Galarza escribe: Lo que me jodía entonces era que mi soledad fuera perturbada por alguien a quien no había invitado. Los paseos me servían para despejarme, para controlar el cataclismo donde Laura Song y yo empezábamos a discrepar hasta de la música. Las canciones abrían abismos, apartándonos.
La mayor alquimia está en que la fundación del desamor, se suscribe al nombre de una mujer que contiene la música en su apellido. Pero de la que solamente es posible recordarla desde las escenas que la memoria fotografía de esas personas que extrañamos; pero a las que somete a modificaciones constantes, la música solamente es un analgésico de la idea de no volver a ver más. De no admitir la muerte inminente después del naufragio.
Cuando uno se enamora escribe un diccionario de tonterías que nadie imagina que es capaz de pronunciar.
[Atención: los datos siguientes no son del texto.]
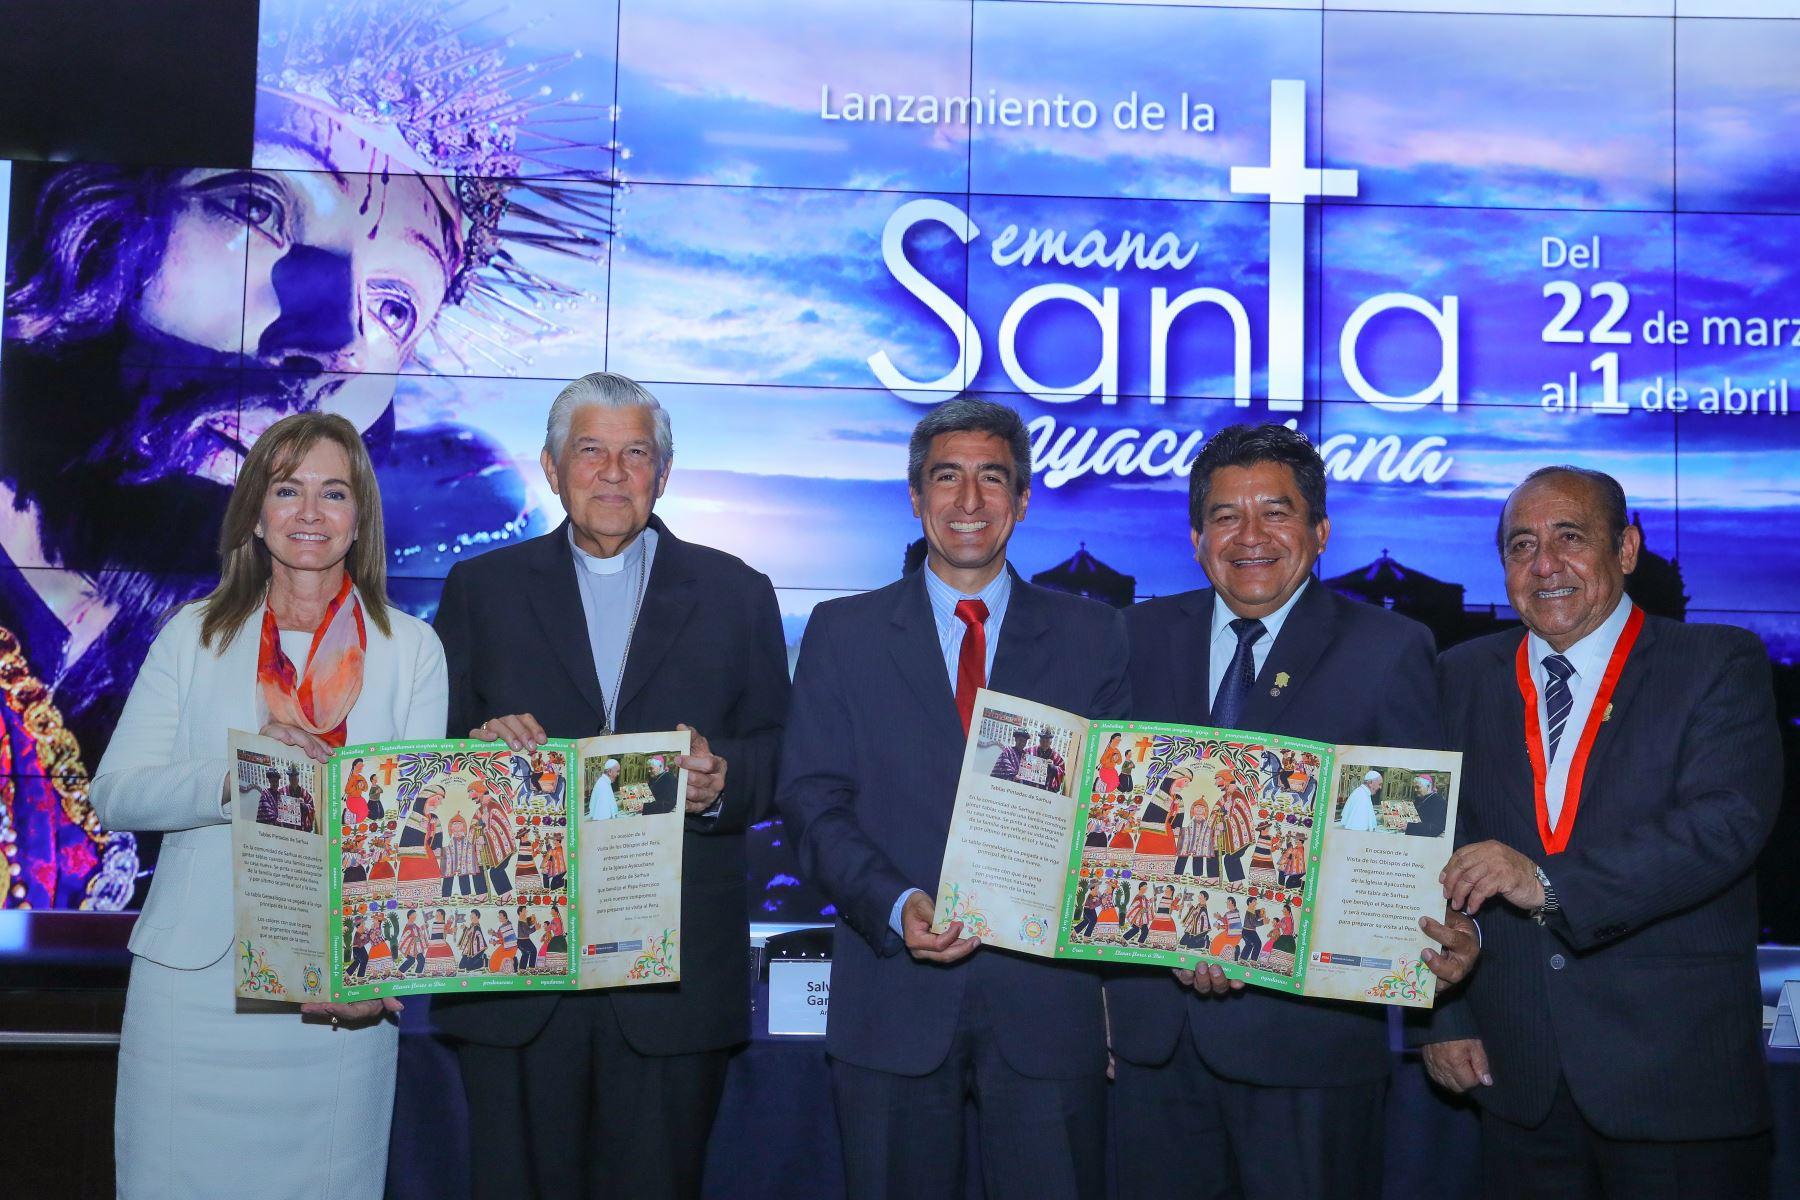 Más de 50,000 visitantes, entre nacionales y extranjeros, proyecta recibir la ciudad de Ayacucho durante los once días que durarán las celebraciones de la Semana Santa 2018, del 22 de marzo al 1 de abril, considerada la segunda más imponente del mundo, después de la de Sevilla, en España. ANDINA

Los diminutivos se convierten en un lugar común, se pierde la vergüenza y se reinvindica el derecho al ridículo. Con Laura Song escribimos un bestiario que usábamos para poner en práctica nuestro amor, ese que me faltó para estar con ella su último cumpleaños, cuando aún manteníamos el título de novios, o más bien yo el de sponsor, porque es cierto, me sentía como un sponsor. (pag.17).
Recuerdo que mi perro suicida tenía la postura impositiva de un enano dictador. De esos militares pequeños pero de cuerpo cuadrado y una autoridad letal. Recuerdo que en los paseos, omitía la vulgaridad de olisquear y prefería caminar con absoluta indiferencia mirando de frente la calle, hasta lo que su corazón podía aguantar. En cada detalle era heroico, hasta en su muerte lo fue. Paseador de perros es una novela que no retrata el oficio de pasear un perro, sino el de saber que al final nos espera la posibilidad de una última corrida mirando de frente, aunque el mundo nos recuerde en cada canción que estamos yendo directo a la deriva. O de repente como Galarza dice: En el fondo todos sobrevaloramos algunos datos y escenas en nuestras vidas. En los recuerdos la ficción es benévola.